(EXERCISE INSTRUCTIONS): The entries below must be returned exactly as they stand.

(DATA TO PROCESS):
--- START ---

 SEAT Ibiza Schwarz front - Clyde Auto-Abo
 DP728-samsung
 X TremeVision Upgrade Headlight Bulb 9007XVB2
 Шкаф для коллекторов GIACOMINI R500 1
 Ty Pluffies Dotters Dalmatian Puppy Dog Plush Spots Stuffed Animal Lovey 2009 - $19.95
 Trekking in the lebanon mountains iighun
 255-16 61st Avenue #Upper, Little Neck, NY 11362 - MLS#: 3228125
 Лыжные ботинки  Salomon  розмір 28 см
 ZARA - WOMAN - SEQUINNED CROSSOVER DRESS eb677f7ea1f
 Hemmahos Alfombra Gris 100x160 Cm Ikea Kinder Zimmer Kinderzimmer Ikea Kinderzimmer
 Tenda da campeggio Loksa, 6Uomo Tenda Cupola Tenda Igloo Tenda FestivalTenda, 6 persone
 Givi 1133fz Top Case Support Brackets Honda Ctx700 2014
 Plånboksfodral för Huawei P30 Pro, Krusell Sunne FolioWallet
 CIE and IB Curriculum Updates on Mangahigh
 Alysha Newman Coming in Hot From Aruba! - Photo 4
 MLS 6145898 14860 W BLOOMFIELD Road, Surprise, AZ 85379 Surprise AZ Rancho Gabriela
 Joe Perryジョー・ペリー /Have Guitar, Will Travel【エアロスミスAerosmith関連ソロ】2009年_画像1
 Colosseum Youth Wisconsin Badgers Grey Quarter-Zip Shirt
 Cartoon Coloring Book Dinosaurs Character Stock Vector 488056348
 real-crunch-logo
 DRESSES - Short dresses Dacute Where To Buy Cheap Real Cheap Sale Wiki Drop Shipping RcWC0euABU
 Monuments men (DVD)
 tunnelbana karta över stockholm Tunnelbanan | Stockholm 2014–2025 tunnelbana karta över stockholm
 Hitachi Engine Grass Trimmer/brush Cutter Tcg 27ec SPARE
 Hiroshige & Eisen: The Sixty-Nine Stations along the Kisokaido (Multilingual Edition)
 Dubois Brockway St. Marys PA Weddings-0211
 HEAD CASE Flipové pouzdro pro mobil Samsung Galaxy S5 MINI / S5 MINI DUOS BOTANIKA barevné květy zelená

--- END ---

(RESPONSE):
 SEAT Ibiza Schwarz front - Clyde Auto-Abo
 DP728-samsung
 X TremeVision Upgrade Headlight Bulb 9007XVB2
 Шкаф для коллекторов GIACOMINI R500 1
 Ty Pluffies Dotters Dalmatian Puppy Dog Plush Spots Stuffed Animal Lovey 2009 - $19.95
 Trekking in the lebanon mountains iighun
 255-16 61st Avenue #Upper, Little Neck, NY 11362 - MLS#: 3228125
 Лыжные ботинки  Salomon  розмір 28 см
 ZARA - WOMAN - SEQUINNED CROSSOVER DRESS eb677f7ea1f
 Hemmahos Alfombra Gris 100x160 Cm Ikea Kinder Zimmer Kinderzimmer Ikea Kinderzimmer
 Tenda da campeggio Loksa, 6Uomo Tenda Cupola Tenda Igloo Tenda FestivalTenda, 6 persone
 Givi 1133fz Top Case Support Brackets Honda Ctx700 2014
 Plånboksfodral för Huawei P30 Pro, Krusell Sunne FolioWallet
 CIE and IB Curriculum Updates on Mangahigh
 Alysha Newman Coming in Hot From Aruba! - Photo 4
 MLS 6145898 14860 W BLOOMFIELD Road, Surprise, AZ 85379 Surprise AZ Rancho Gabriela
 Joe Perryジョー・ペリー /Have Guitar, Will Travel【エアロスミスAerosmith関連ソロ】2009年_画像1
 Colosseum Youth Wisconsin Badgers Grey Quarter-Zip Shirt
 Cartoon Coloring Book Dinosaurs Character Stock Vector 488056348
 real-crunch-logo
 DRESSES - Short dresses Dacute Where To Buy Cheap Real Cheap Sale Wiki Drop Shipping RcWC0euABU
 Monuments men (DVD)
 tunnelbana karta över stockholm Tunnelbanan | Stockholm 2014–2025 tunnelbana karta över stockholm
 Hitachi Engine Grass Trimmer/brush Cutter Tcg 27ec SPARE
 Hiroshige & Eisen: The Sixty-Nine Stations along the Kisokaido (Multilingual Edition)
 Dubois Brockway St. Marys PA Weddings-0211
 HEAD CASE Flipové pouzdro pro mobil Samsung Galaxy S5 MINI / S5 MINI DUOS BOTANIKA barevné květy zelená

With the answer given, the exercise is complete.